PRESIDENT'S ESSAY
Covenanted Hope
POSTED
September 14, 2020

"Without a concept of the covenant," writes Douglas Knight (Covenant and Hope, 217-220), "we are left with man baffled by the world and by his neighbor, and unwilling to commit himself to the disciplines by which he could develop relationships with him."

Every society requires two intra-human covenants, one that "holds together the present generation" and the other between the present generation and the future. When we give up the idea of covenant, we no longer have reason to look beyond the present. Without covenant, our present selves don't have the will to "make concessions to our future selves, much less be willing to regard children as any form of a second self."

At the heart of the human covenant is marriage: "Man is a covenanted being because humanity is not unisex, but sexed and so dual." In marriage, a man and a woman "recognizes the lasting uniqueness of this single other person." As a public institution, marriage recognizes the husband and wife as a new little society, "each as fundamental as society itself."

Like God's covenant with Israel, marriage has both exclusive and inclusive dimensions. The relation of husband and wife is exclusive, and only as such can it expand to bless society at large. Only as an exclusive relationship can it serve others outside; because husband and wife are have an unchangeable covenant with one another, marriage "recreates and renews society."

Marriage opens out to welcome children, and in this marriage is as essential to the inter-generational covenant as it is to the intra-generational covenant. Societies continue because we recognize "the present is not self-sufficient, but oriented towards a future out of its sight. The present must give itself away so that something other than itself can come into existence."

There can be generational continuity only if we are able to give ourselves and "to invest without immediate reward." A generation honors its obligations to preceding generations by passing on life and culture to our children, but this occurs only if we affirm that this culture and life is good.

Our orientation toward future generations is for the sake of future generations, but it's also necessary to our own well-being: "If we live as though there is only this present, and deny existence to that new generation who could give us the affirmation that we seek, we are our own enemies." We live now "in such a way that the long-term can emerge, for if we live as thought nothing will come after us, our present life will have no value." In Robert Spaemann's words, "Only the affirmation of the future perfect makes the present tense fully real."

This "prospect of new generations to come" is the essence of hope. It directs hope beyond the immediate now toward a future reward. As we lose confidence in the future, we become reluctant to "receive our reward in the long-term and implicit currency of recognition by our contemporaries." We look for more immediate recognition in the currency of money. Mammon, Knight implies, is the reigning God of a future-less, and therefore hopeless people.

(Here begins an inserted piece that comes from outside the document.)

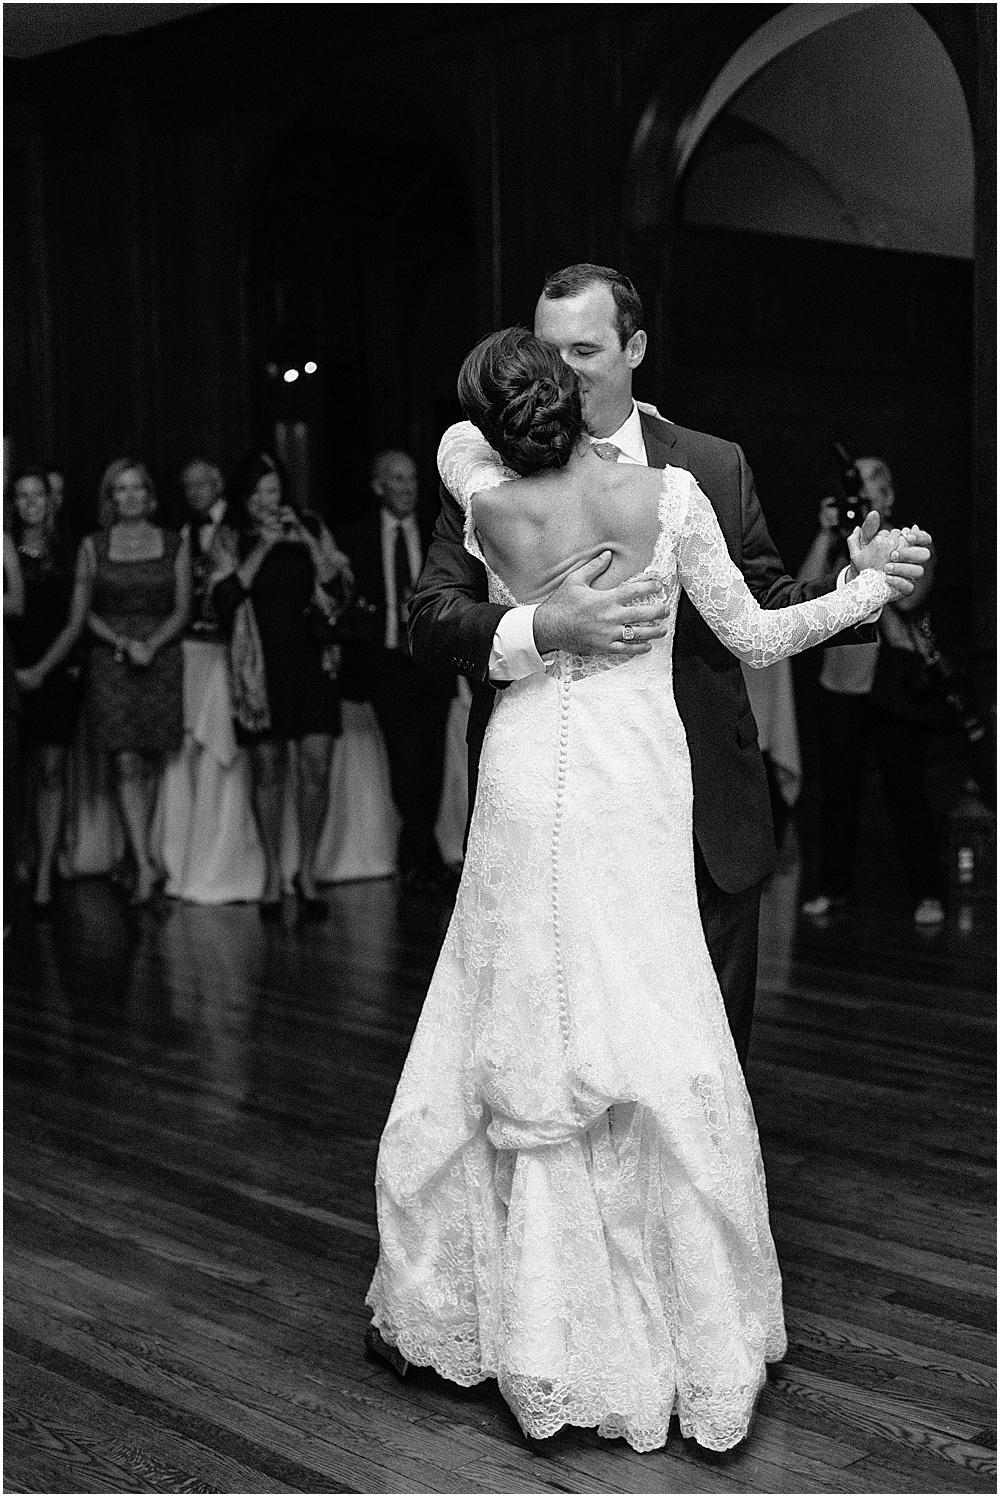 Vane_Baltimore_Country_Club_Wedding_Baltimore_Wedding_Photographer_0188

Money, in turn, cancels debts and concludes relationships. We don't feel or have any obligation of a long-term relationship with the Walmart checker (who is probably a machine anyway). Money is, to this degree, a solvent of covenanted relationships. As it dissolves covenanted relationships, "the market and state expand to fill the gap." More generally, when we don't sustain our covenants, "we become dependents of that other covenant that we have not entered freely, the state."

Knight's discussion of the intra- and inter-generational covenants highlights the depths of our cultural decay. The intragenerational covenant depends on the recognition of sexual difference and the durability of marriage; but we don't recognize sexual difference, more and more of us don't get married, and many marriages end. We have a future only if we have children, but we've stopped having children.

Hope sustains the human covenant; the human covenant sustains hope. We've lost both.

As Knight knows, the human covenants cannot be sustained outside the context of God's covenants with His people. Hope is sustained only by a "metaphysics of promise, or an eschatological ontology," the confidence that the world is the communion it was created to be, because it will be that communion, that Bride.

And in the midst of a hopeless world, the church is called to be the church, what Israel was called to be, the community of hope. We are called to live in the confidence that our assembly at the throne of God is the future of creation because it already embodies that future.